Добавить в цитаты Настройки чтения

Страница 2 из 91

Их расстреляют из-за матроса Жарикова, который так необдуманно, так отчаянно пытался бежать. Соколовский сдружился с Жариковым, это в бараке знали все. И Мишу Скачко матрос выделял среди других и опекал, как умел, - грубо, неотступно. Но тогда - почему и Коля Дугин? Дугина матрос сторонился. Что-то раздражало его в Николае Дугине - красивом, приметном, хорошо сложенном парне с брезгливо поджатыми губами.
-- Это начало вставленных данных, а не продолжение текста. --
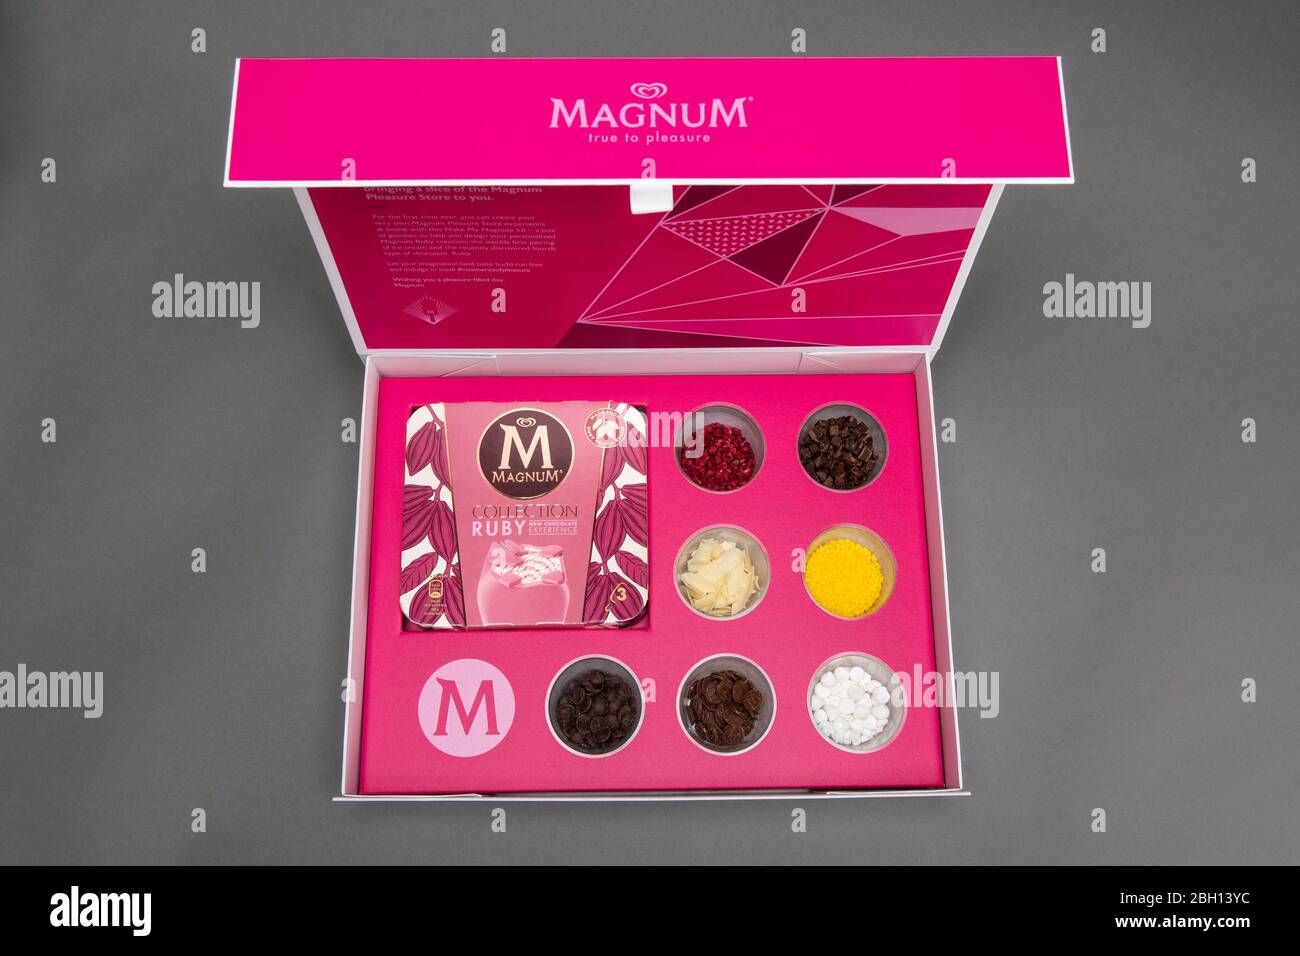 Ice cream brand Magnum has partnered with Deliveroo to create ???Make My Magnum kits???, which will be available from tomorrow, Friday April 24th. Stock Photo

На проржавевших за осень и зиму шипах ограды, прямо против барака, еще висят черные клочья бушлата, шевелятся на ветру, как траурные вымпелы. Тело Жарикова, перебитое в пояснице пулеметной очередью, сутки грузно, карающе темнело на ограде. Деревянные лагерные коты, как в стремени, сидели на колючей проволоке. В этот день порывами задувал штормовой ветер, и руки, уже перекинутые на волю, покачивались, словно Жариков и мертвый хотел уйти отсюда или хотя бы коснуться пальцами нелагерной земли, откликнуться штормовому зову моря.

Из барака вышел Скачко. Он устроился рядом, на корточках, а следом появился и Дугин. Широко расставив ноги и сунув руки в карманы брюк, Дугин напряженно, всей спиной и затылком, прислонился к стене.

- Хорошо! - сказал Скачко и вдруг почуял цигарку, которой уже не видать было в крупных пальцах Соколовского. - Куришь?

Соколовский протянул Скачко окурок, и тот бережно взял его смуглыми пальцами. Странно, но его пальцы не менялись, точно такими были они, когда Миша попал в лагерь тяжеловатым на глаз увальнем - до войны его знали в городе больше по кличке Медвежонок. За лагерную зиму он исхудал, высох, кожа цвета вяленой воблы обтянула лоб и скулы, сжалась голодными, стариковскими складками у рта, крупные веснушки проступали на лице резко и неспокойно, без прежнего добродушия.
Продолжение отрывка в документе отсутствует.